La résolution prise en 2017 d’associer le paiement des 50$ de certification à la réception de publicité gouvernementale de l’agence de publicité CPS Médias venait confirmer la peur de certains administrateurs du journal.  Malgré tout ils ont continué à appuyer ma décision de ne pas les payer pour une question de principe d’une part et le fait de manque de fonds pour d’autres dépenses essentielles au fonctionnement du journal d’autre part. De plus, en tant que journalistes, nous avons le devoir de dénoncer des pratiques de gestions douteuses et non de les encourager. Nous avons le devoir de défendre nos droits et non de nous taire sur des pratiques qui favorisent les privilèges comme au temps médiéval.

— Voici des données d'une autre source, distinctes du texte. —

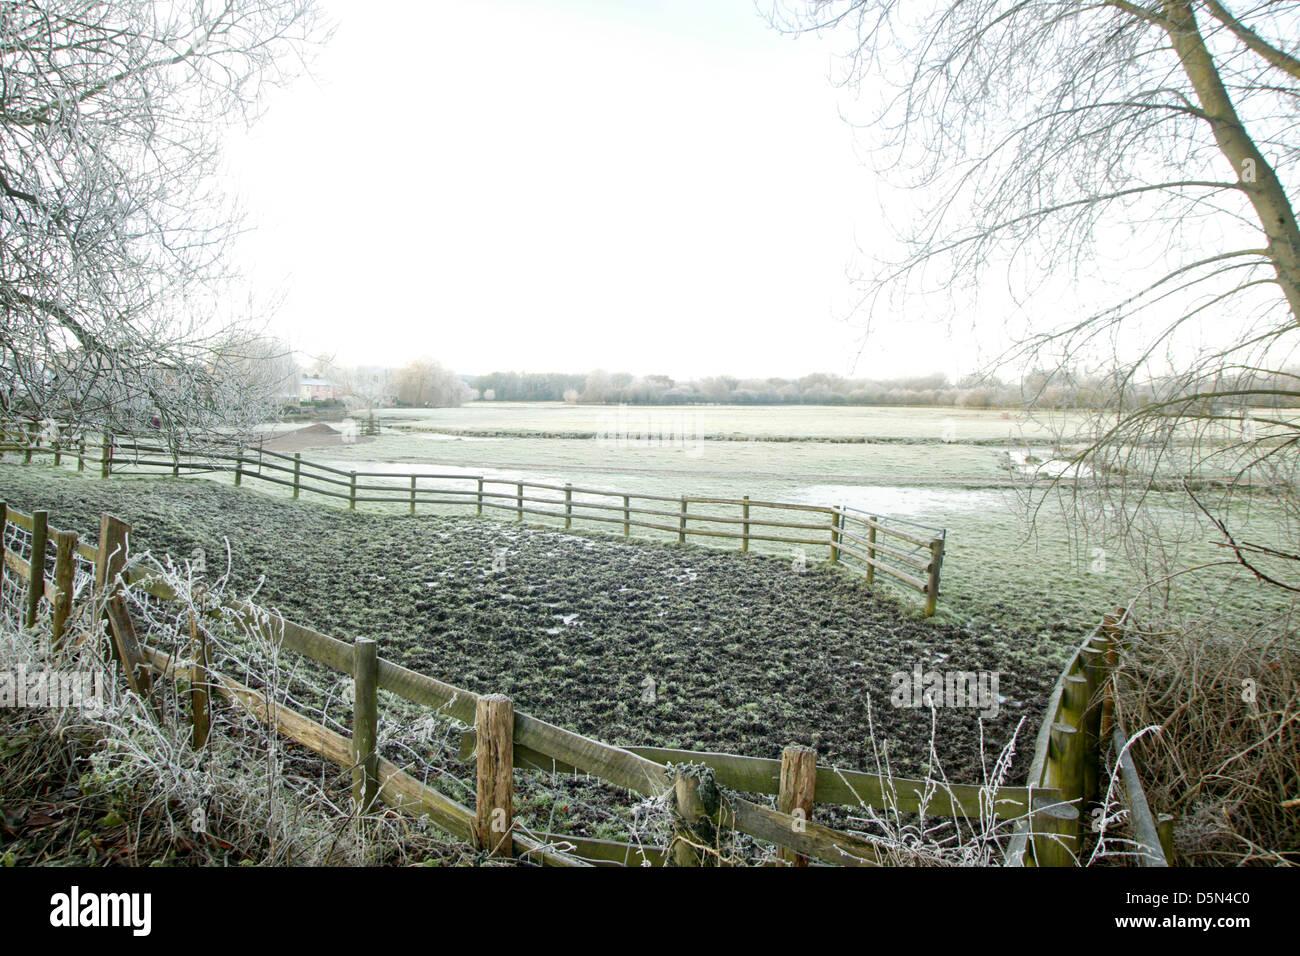 Querformat über Winter Marschland mit Zaun Struktur im Vordergrund Stockbild

Nous refusons d’encourager tout se qui ressemble de prêt ou de loin à des pratiques anti-démocratiques

Un journal est là pour dénoncer la corruption et les pratiques d’extorsion envers les plus vulnérables de la société et non pour les encourager quels que soient les avantages que cela pourrait nous rapporter.  Chacun, là où il est, doit faire ce qu’il peut pour améliorer les pratiques qui minent les valeurs démocratiques que nous défendons. Le journal communautaire Le Monde va peut-être fermer mais, nous avons au moins gueulé, nous avons lutté, nous les avons gênés pour qu’ils digèrent moins bien les bons plats qu’ils dégustent dans leurs congrès à 35000$ avec l’argent des contribuables alors que 35000$ auraient pu nous permettre une année de publication, 12 fois par année en plus de crier des emplois dans le Centre-Nord de Montréal. Nous refusons d’accepter de la part de collègues journalistes les pratiques qui à plus grande échelle, ont envoyé l’ex-maire de Laval Gilles Vaillancourt, en prison.

C’est malsain d’associer 50$ de certification à l’obtention de publicités gouvernementales. C’est du chantage.  Il a fallu attendre des mois de mensonges par rapport aux diminutions des publicités gouvernementales de la part du gouvernement du Québec avant d’en arriver là.  Il a fallu tout un discours à propos des 4% de dépenses exigées par la loi aux institutions et organismes gouvernementaux, alors qu’on aurait pu avoir des solutions de rechange communes pour s’en sortir; ce qui est plus honteux et lâche.